## WORK ORDER
Write out the whole listing below exactly, skipping each picture.

## COLLECTED DATA
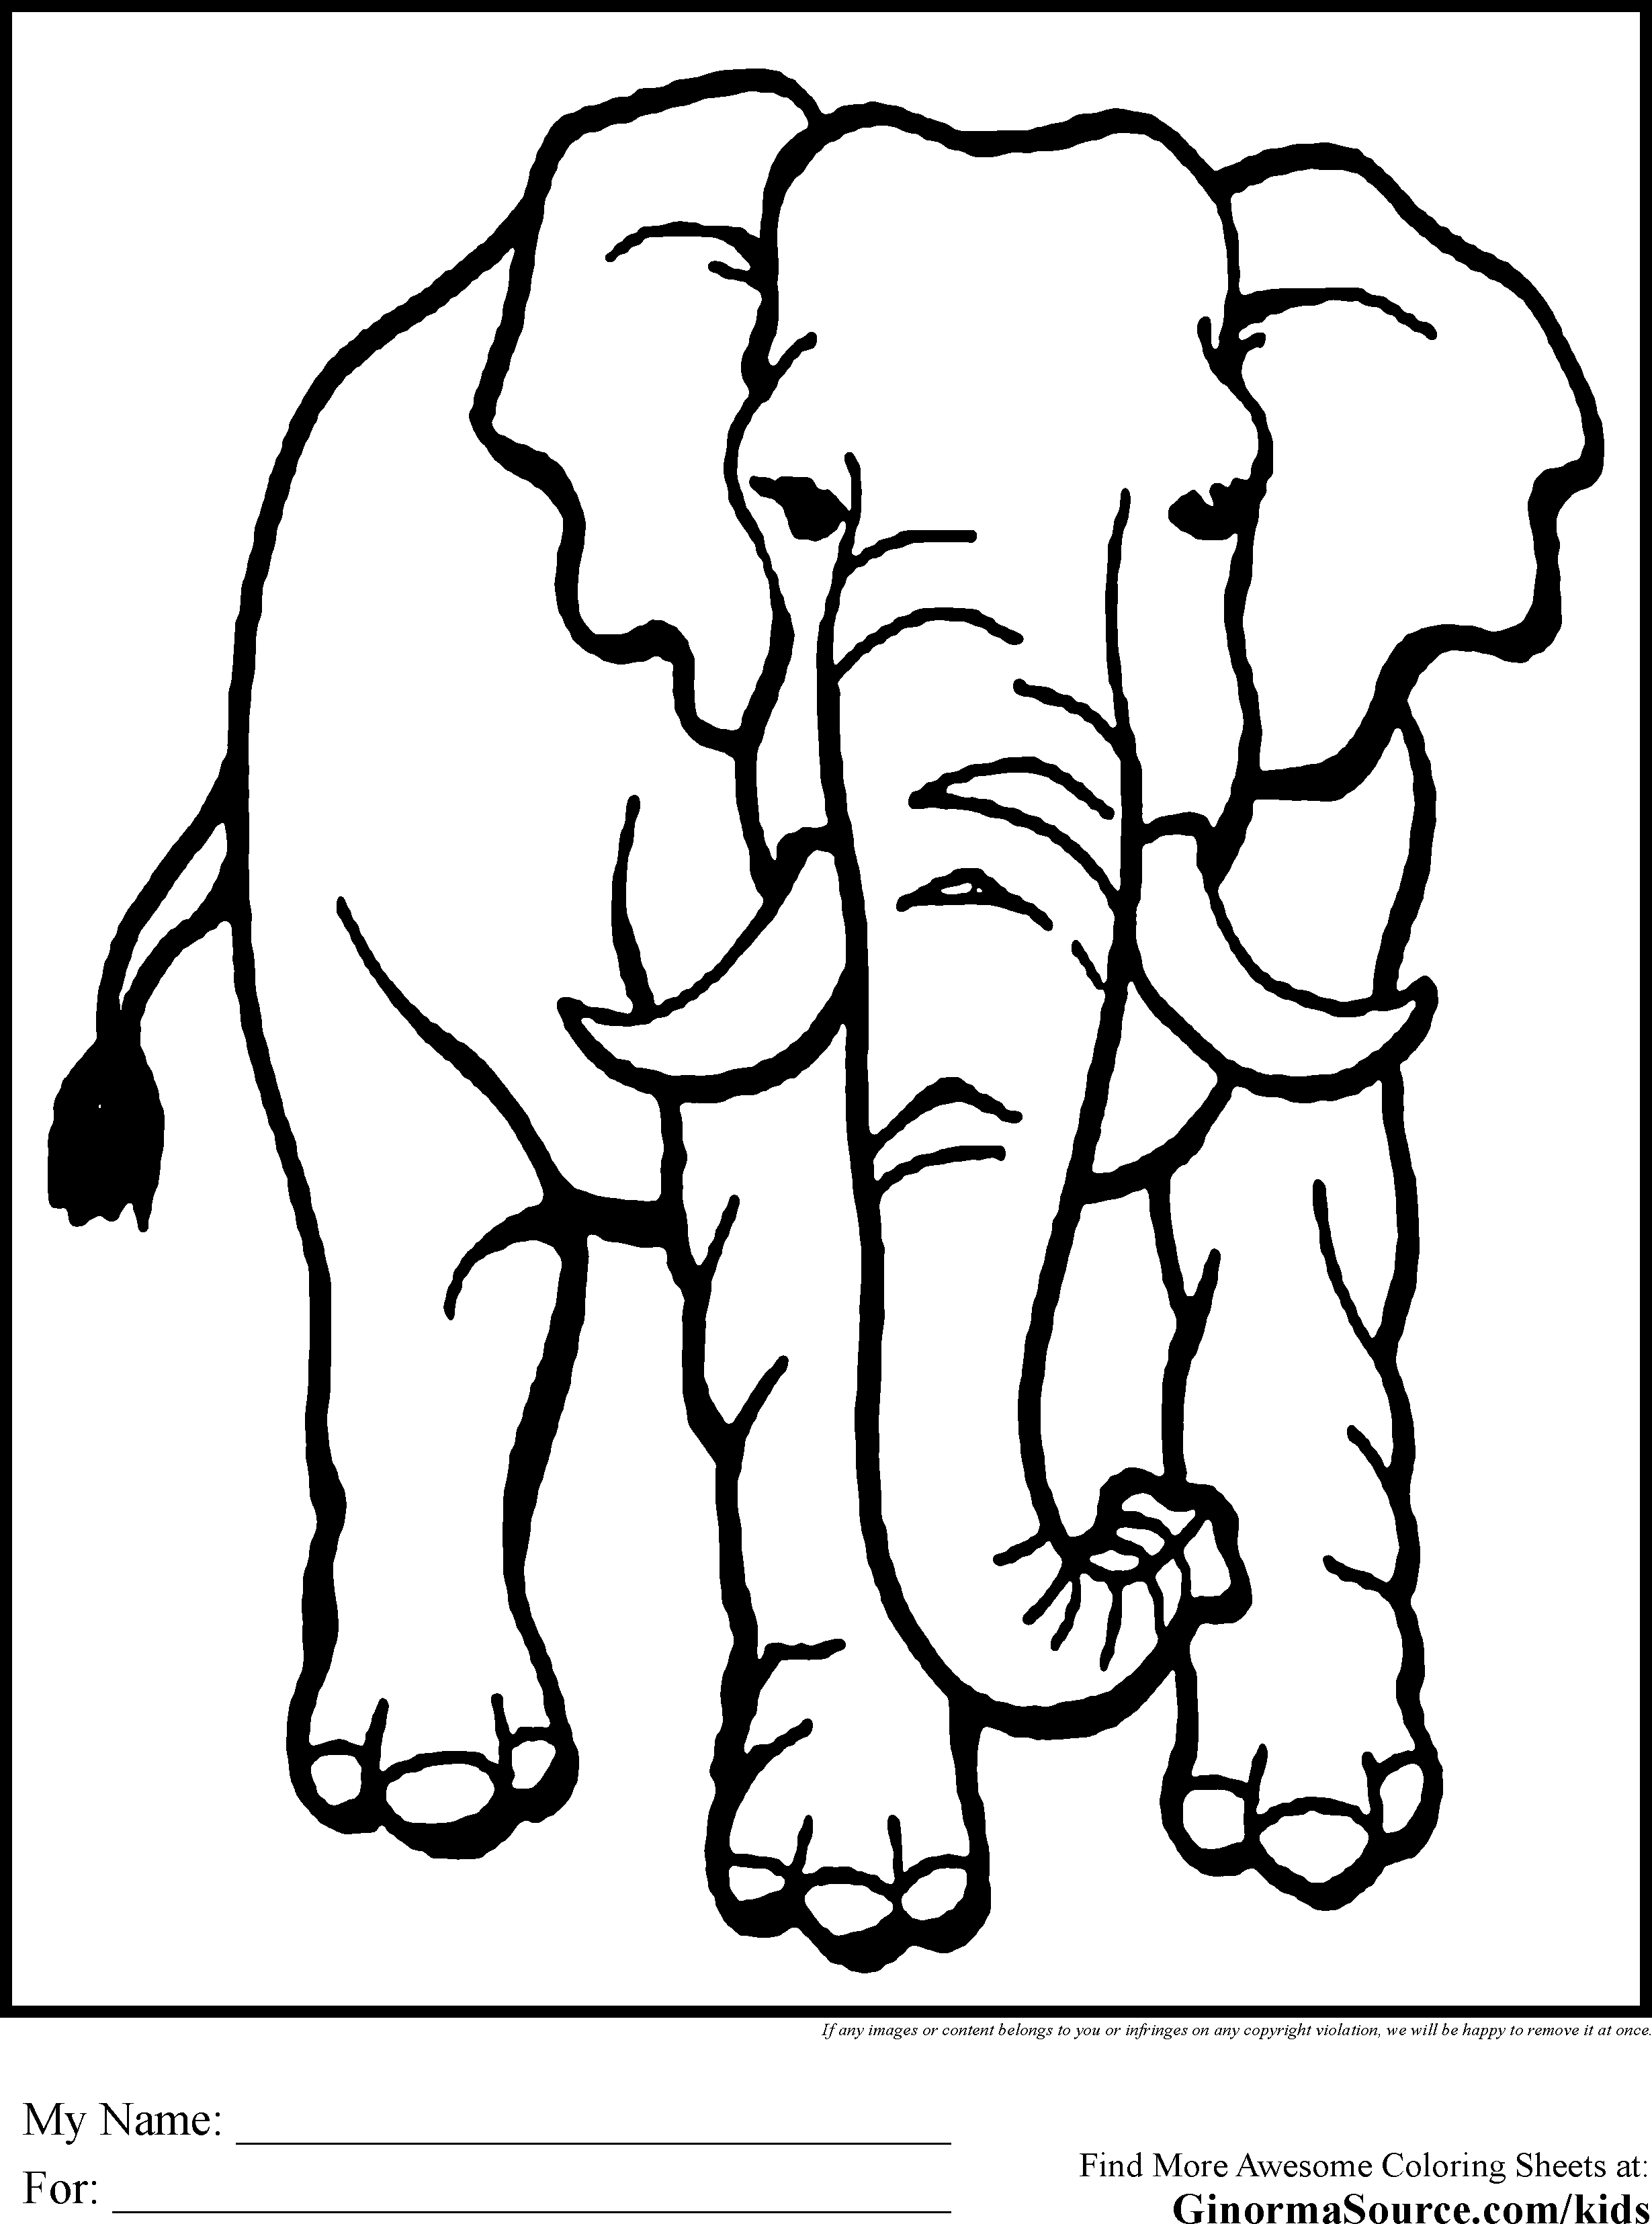 colouring pages big 5 animals coloring pages animals elephant elephant coloring page animals 5 pages colouring big 
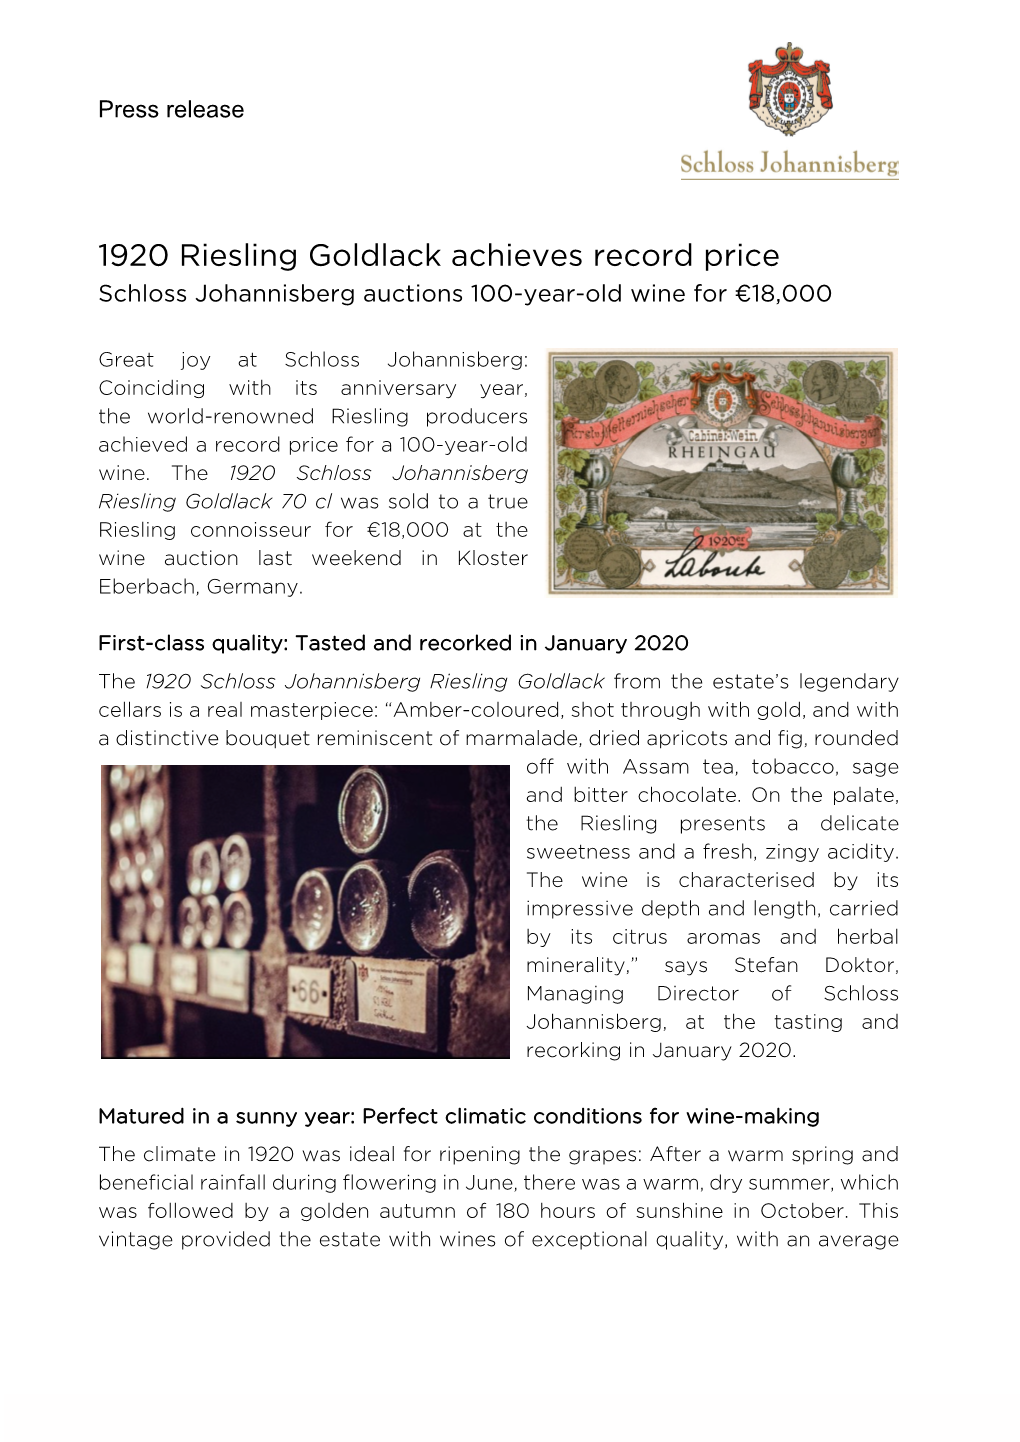 1920 Riesling Goldlack Achieves Record Price Schloss Johannisberg Auctions 100-Year-Old Wine for €18,000
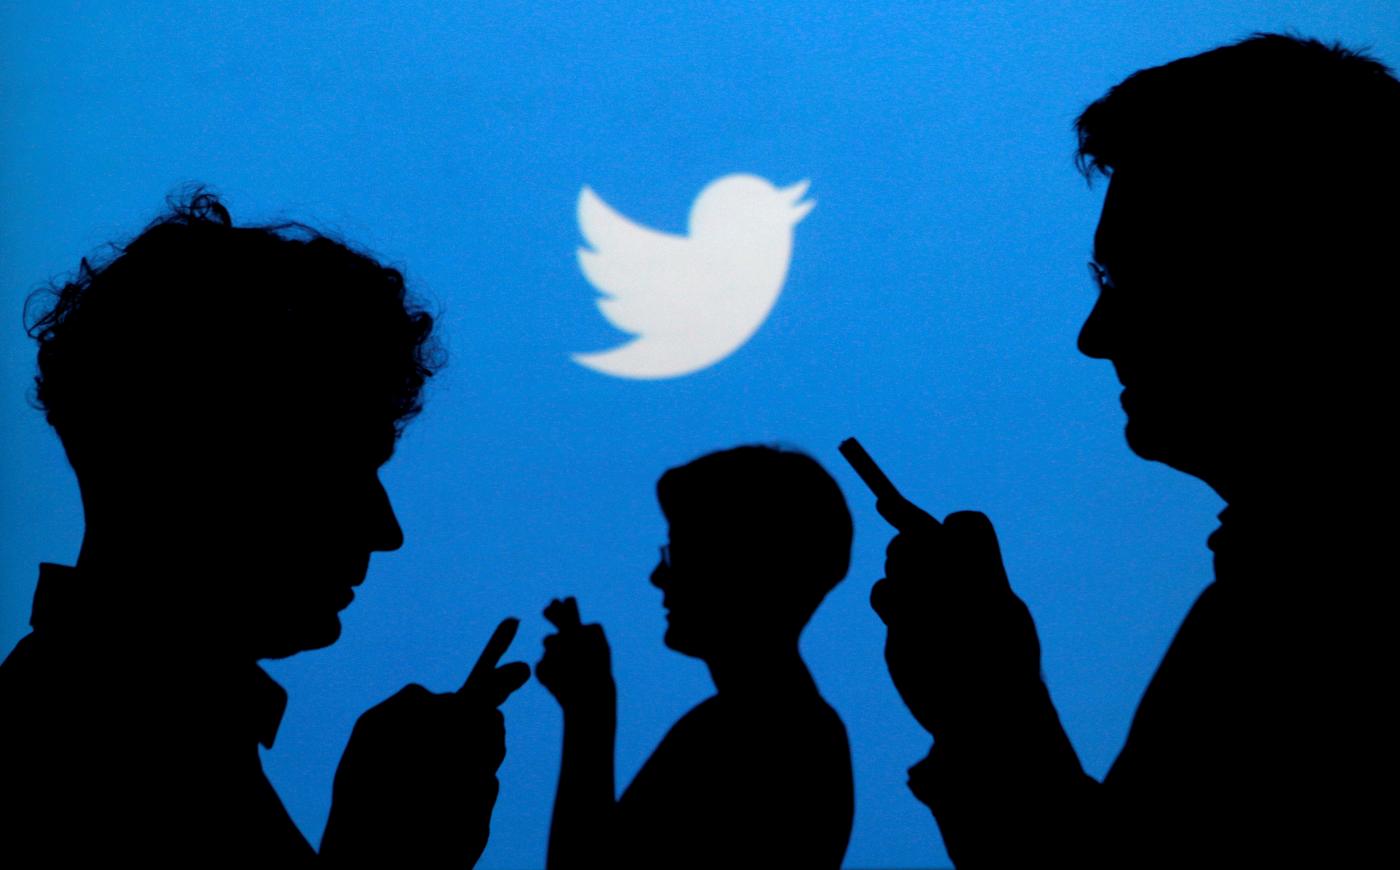 People hold mobile phones against a backdrop projected with the Twitter logo (Reuters)
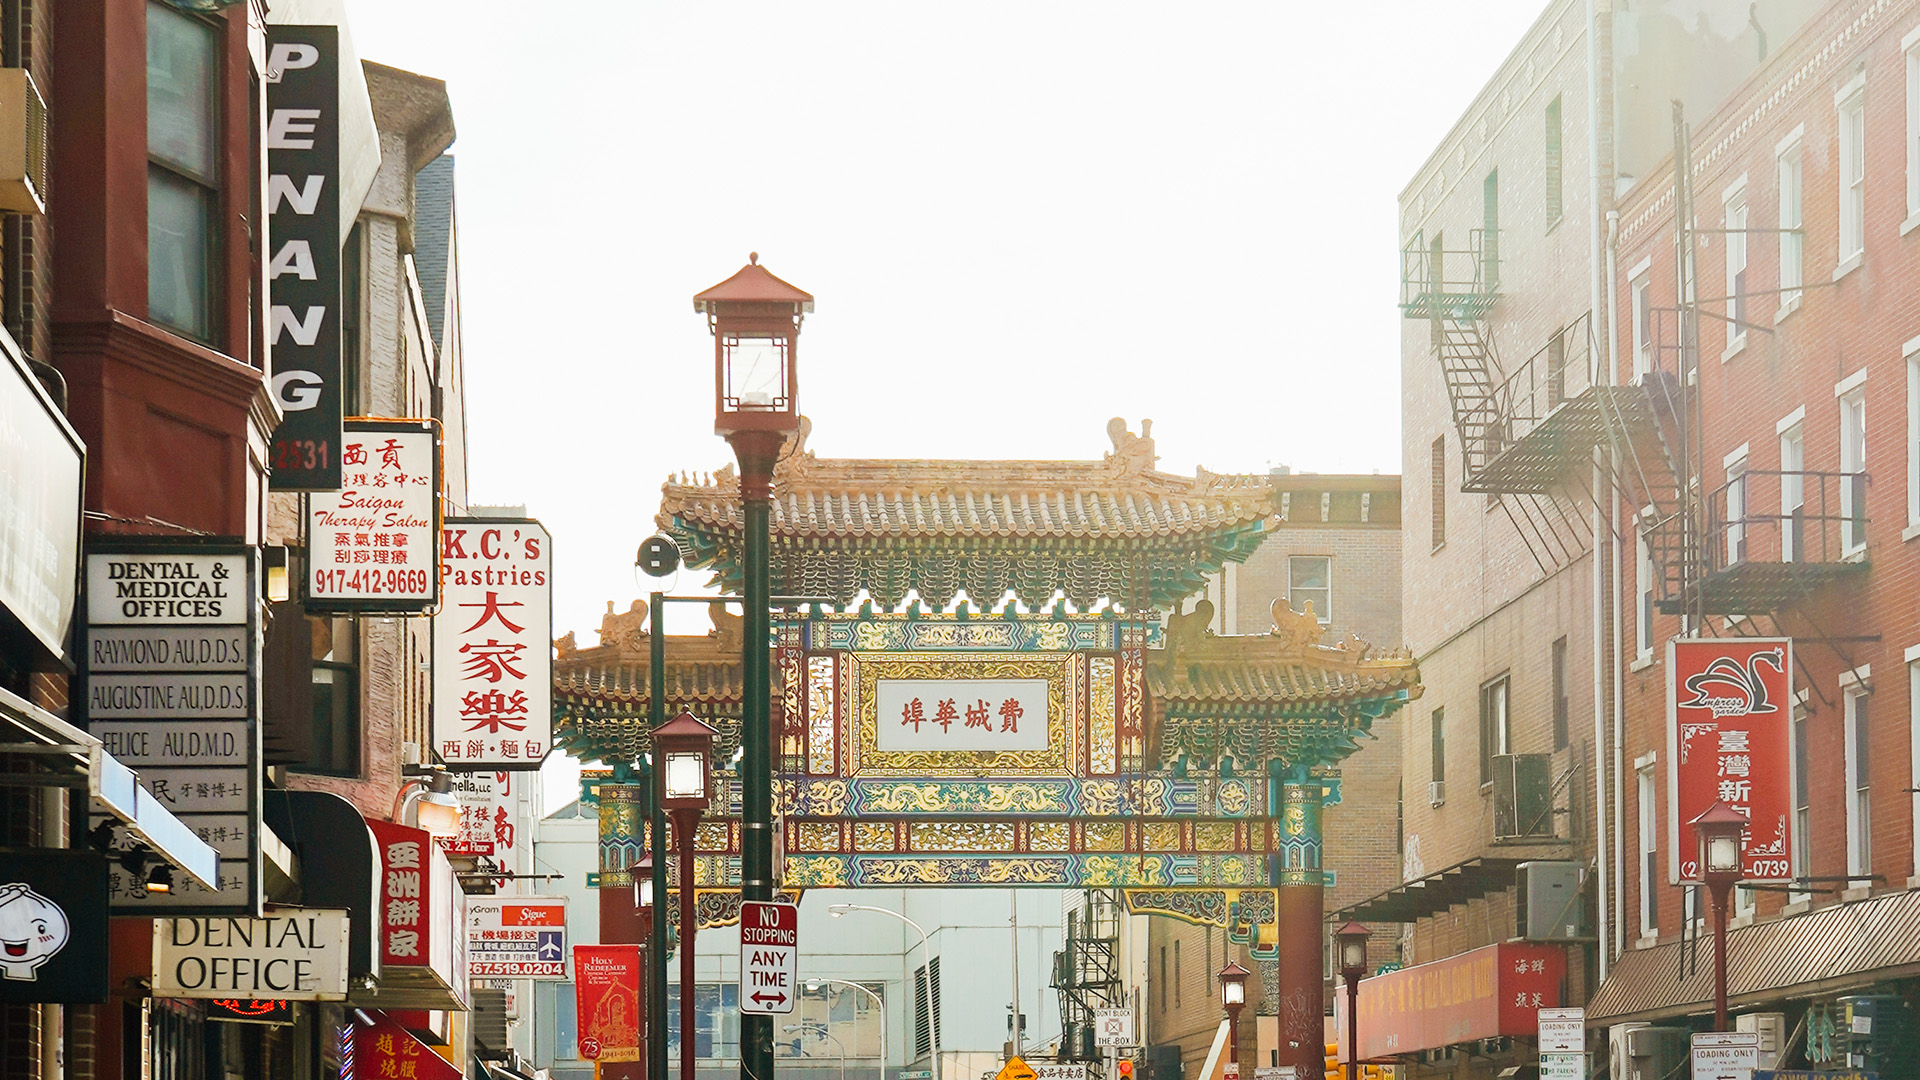 A street in Chinatown with signs for Chinese businesses and a large decorative archway.

## TASK RESPONSE
 colouring pages big 5 animals coloring pages animals elephant elephant coloring page animals 5 pages colouring big 
 1920 Riesling Goldlack Achieves Record Price Schloss Johannisberg Auctions 100-Year-Old Wine for €18,000
 People hold mobile phones against a backdrop projected with the Twitter logo (Reuters)
 A street in Chinatown with signs for Chinese businesses and a large decorative archway.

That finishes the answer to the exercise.